- _COLLECTED MATERIAL_

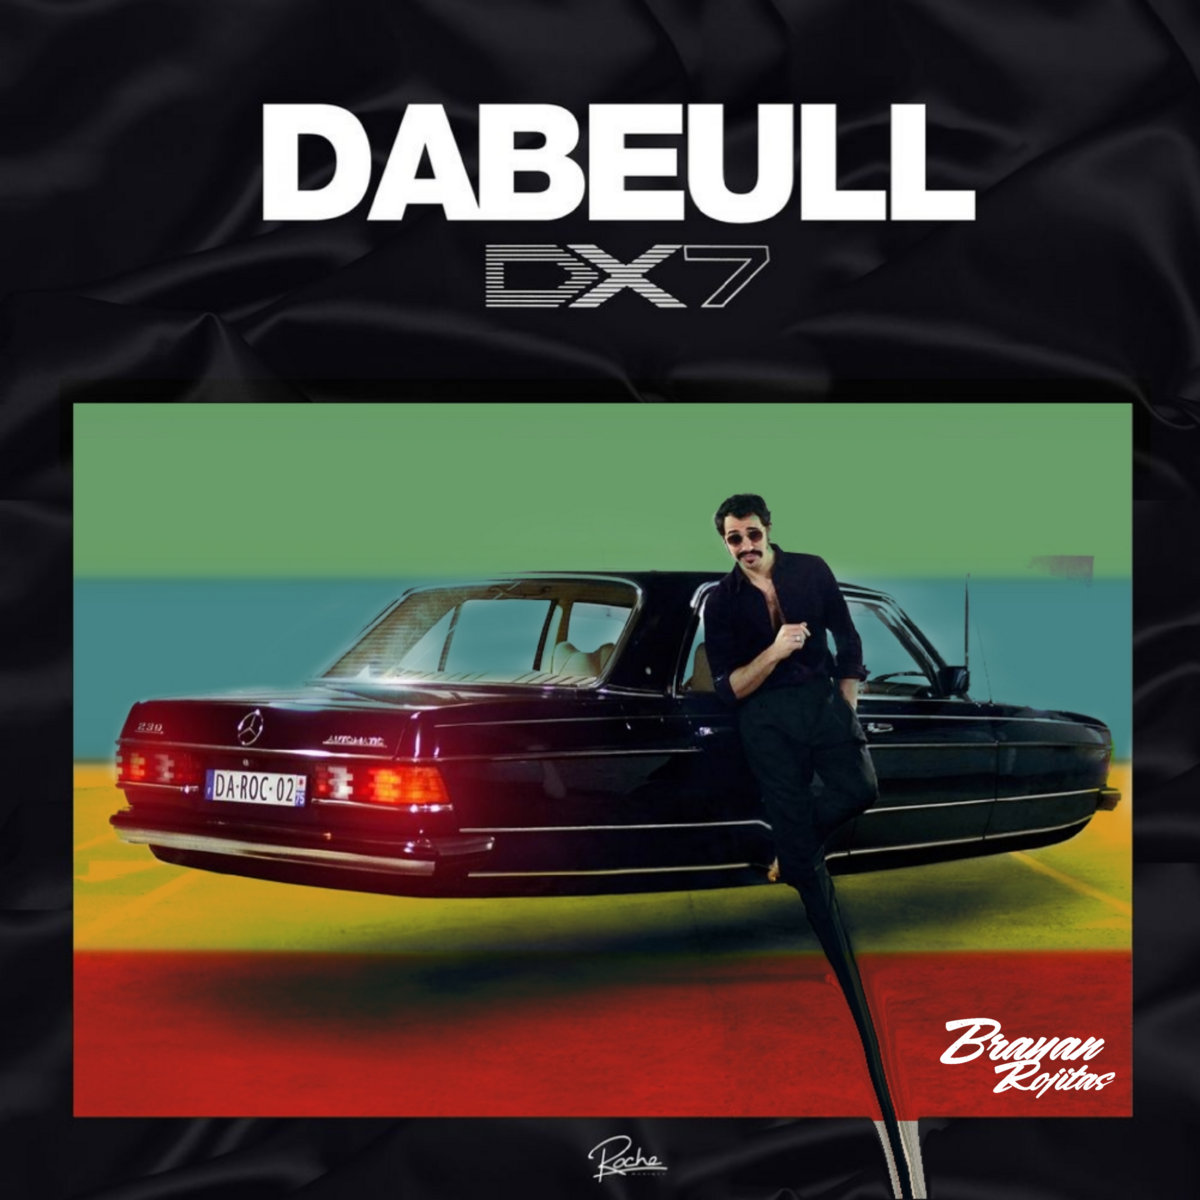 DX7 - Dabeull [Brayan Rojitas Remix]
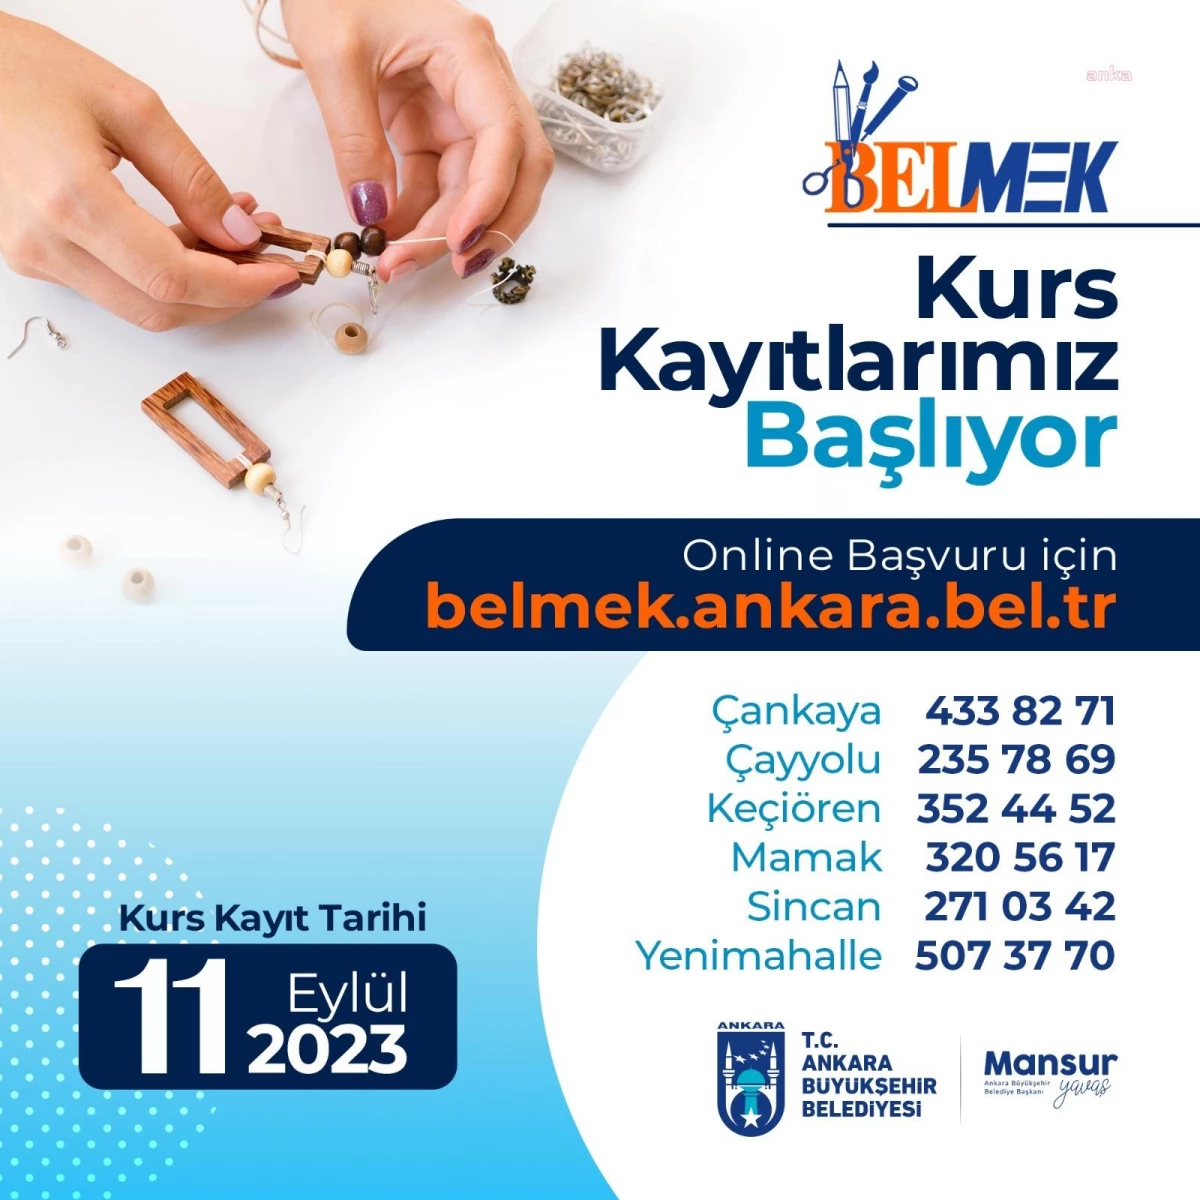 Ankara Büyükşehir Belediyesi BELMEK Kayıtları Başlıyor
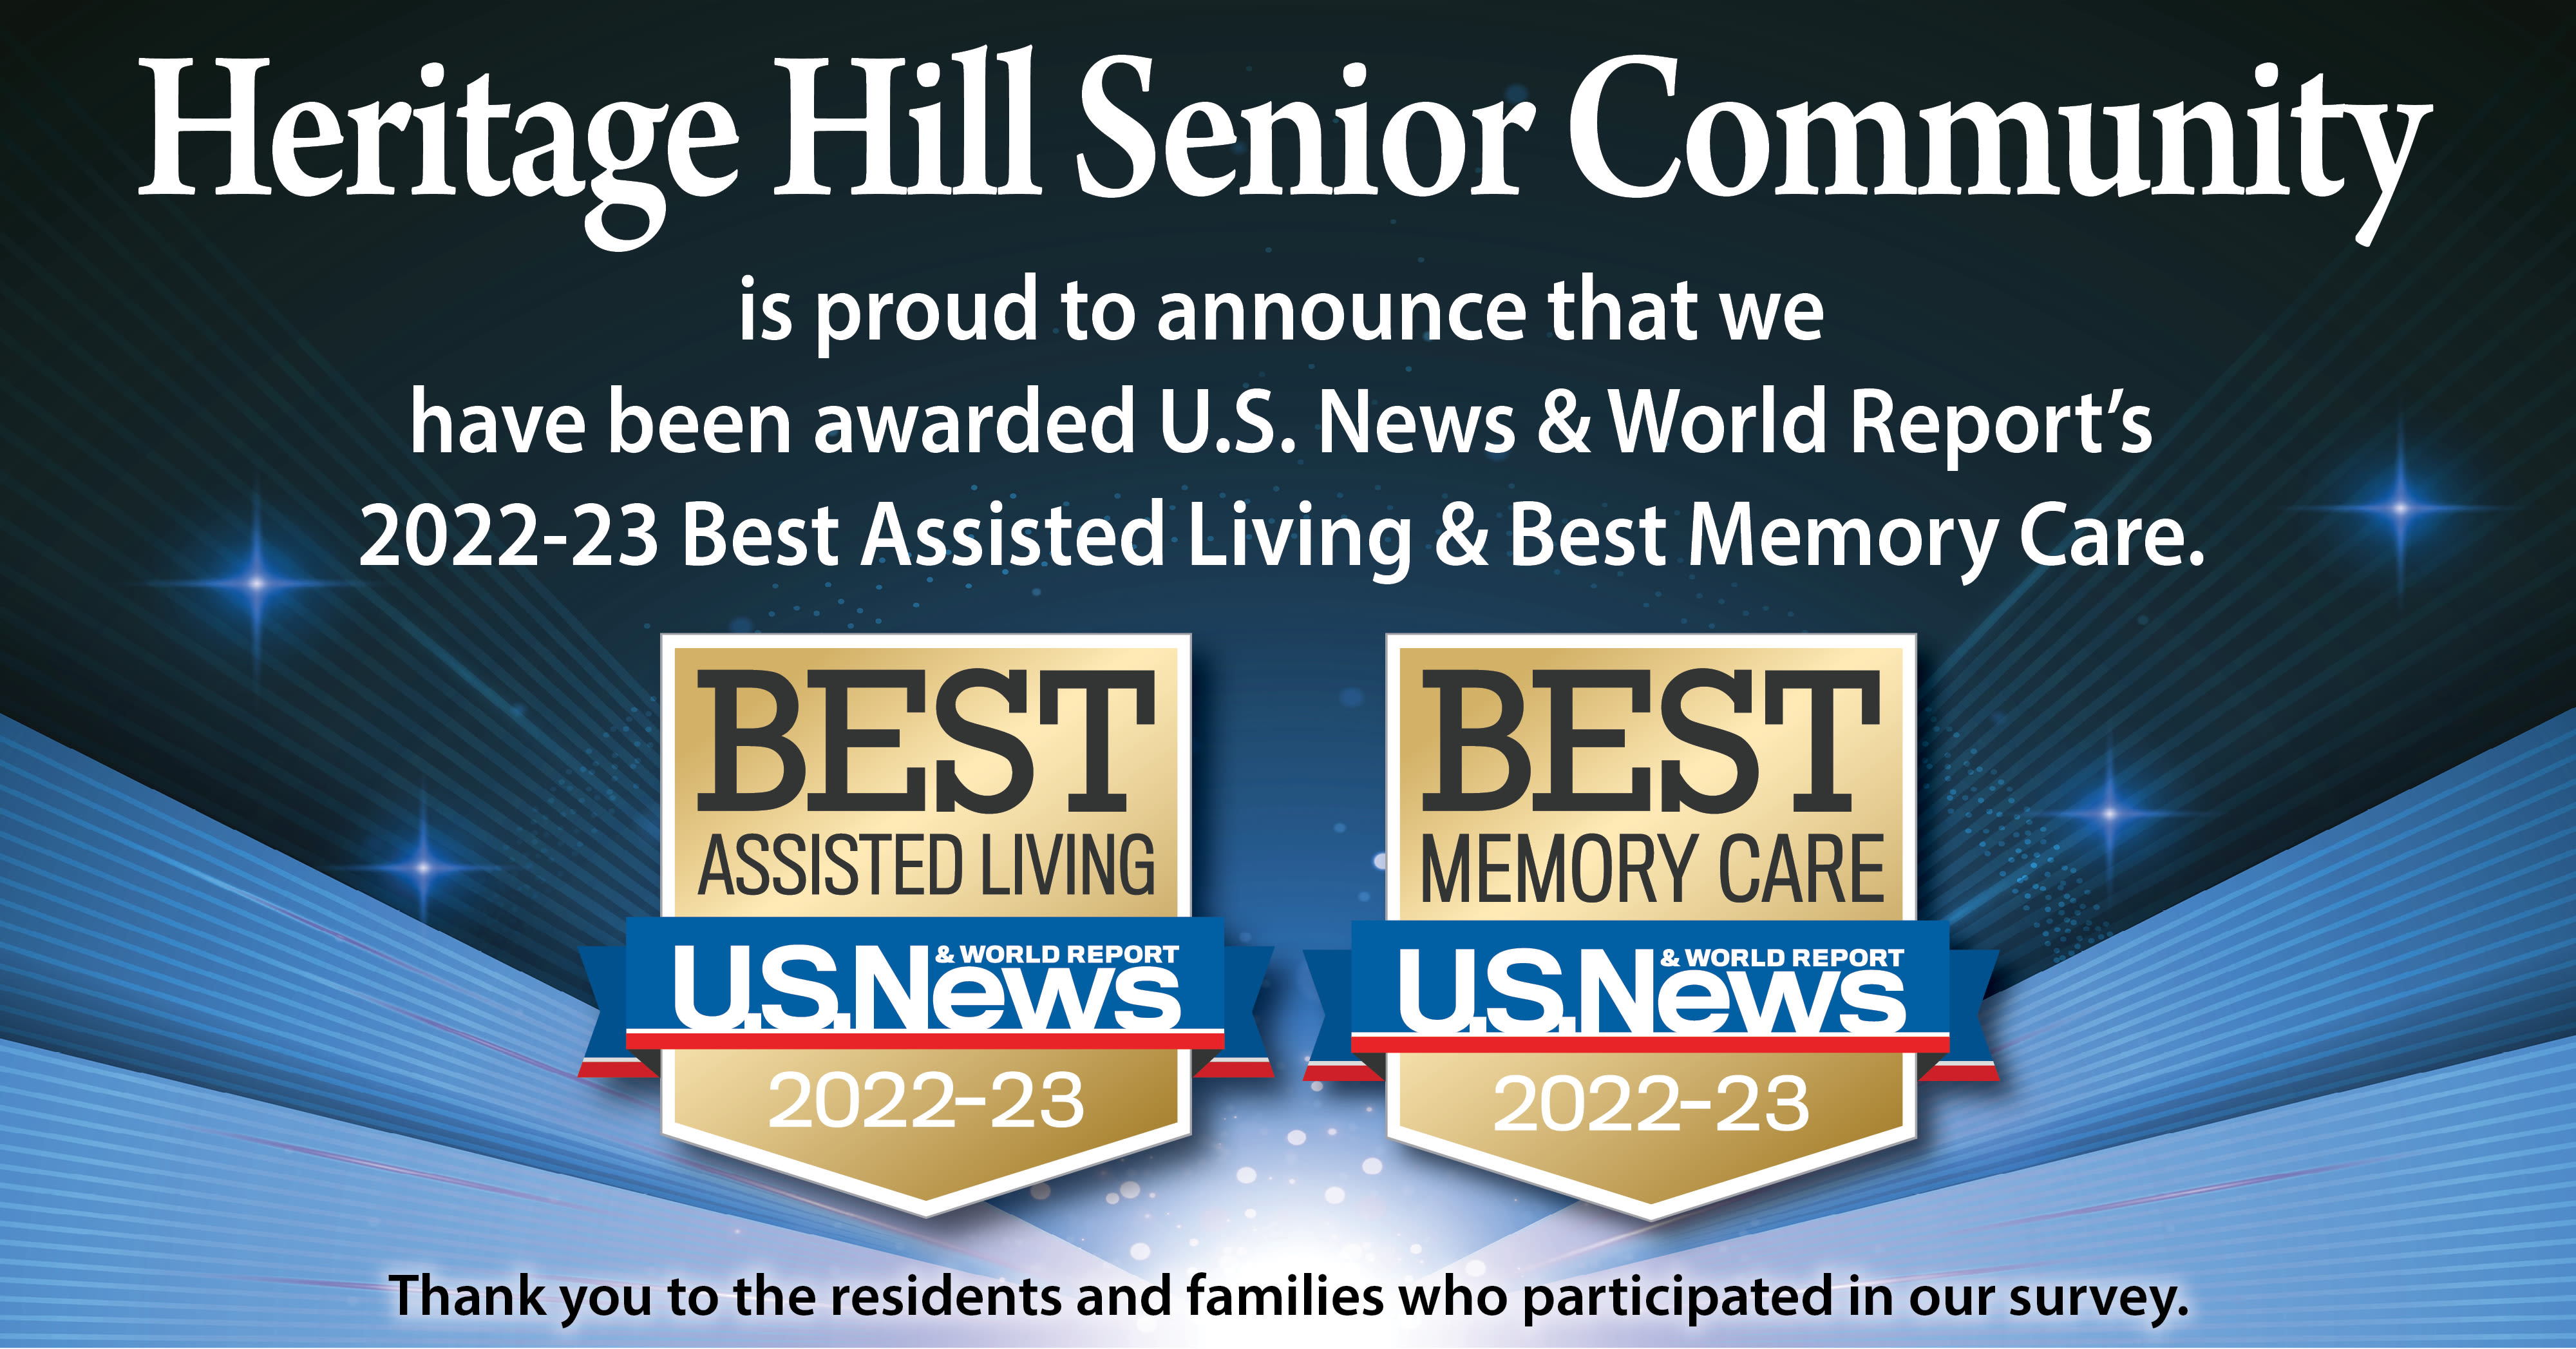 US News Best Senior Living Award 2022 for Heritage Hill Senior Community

- _WHAT THE EXERCISE ASKS_
What is needed is an exact copy of the data, without any pictures.

- _SOLUTION_
 DX7 - Dabeull [Brayan Rojitas Remix]
 Ankara Büyükşehir Belediyesi BELMEK Kayıtları Başlıyor
 US News Best Senior Living Award 2022 for Heritage Hill Senior Community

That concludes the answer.